With Caleb and Keene now in the running, competition is going to get fierce.
“Babe,” I call absently. “Did you wrap your white elephant gift?”
Phil lets out a snort. “I haven’t even gone shopping for it yet. You know as well I do, the worst shit is always left for the twenty-third. I thought we’d go today.”
I groan, not only knowing he’s right but realizing I may have purchased too soon. Eyeing the package I just spent twenty minutes fighting to wrap, I wonder if I should bring it with me in case I need to return it.

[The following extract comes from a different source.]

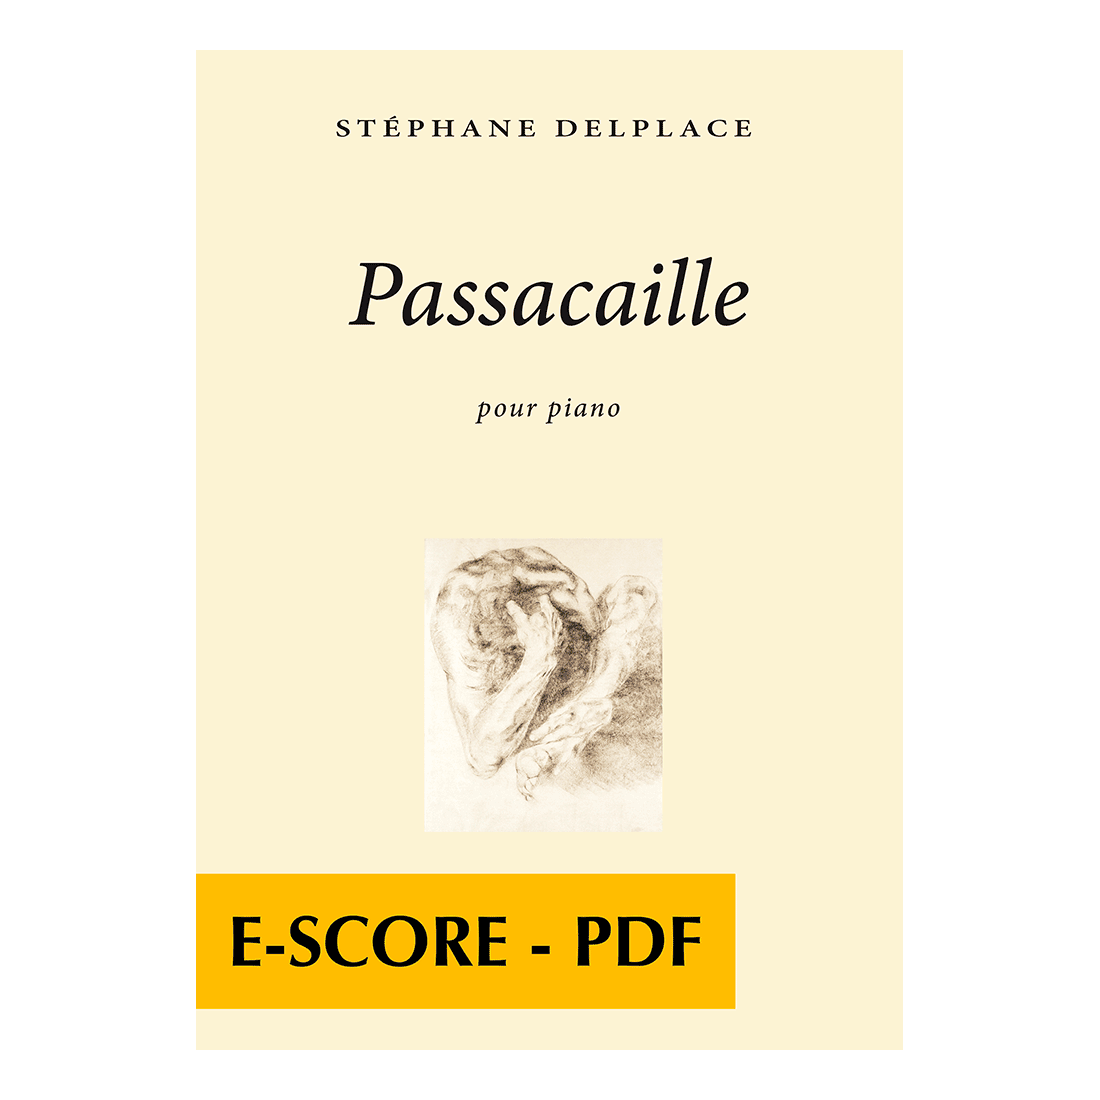 Passacaille pour piano - E-score PDF

Or in case I run into a sibling and they have the same thing in their cart.
* * *
I don’t carewhat store you’re in, shopping for Christmas on December 23 is a mistake—even if you’re looking for the tackiest shit you can find in HomeGoods. Phil and I go up and down every single aisle. My genius husband saw a throw on a display chair as we walked in and snagged it. “Just in case we run into one of the others,” he warns.
Good thing he did.
We’re down the clearance aisle where the worst and cheapest crap is shoved when we run into Corinna. She’s holding a surprisingly normal hot-pink cashmere throw in her hands and admiring it. I pull Phil back behind a display by the back of his jeans. “Shit. I think you just gave me a wedgie,” he complains.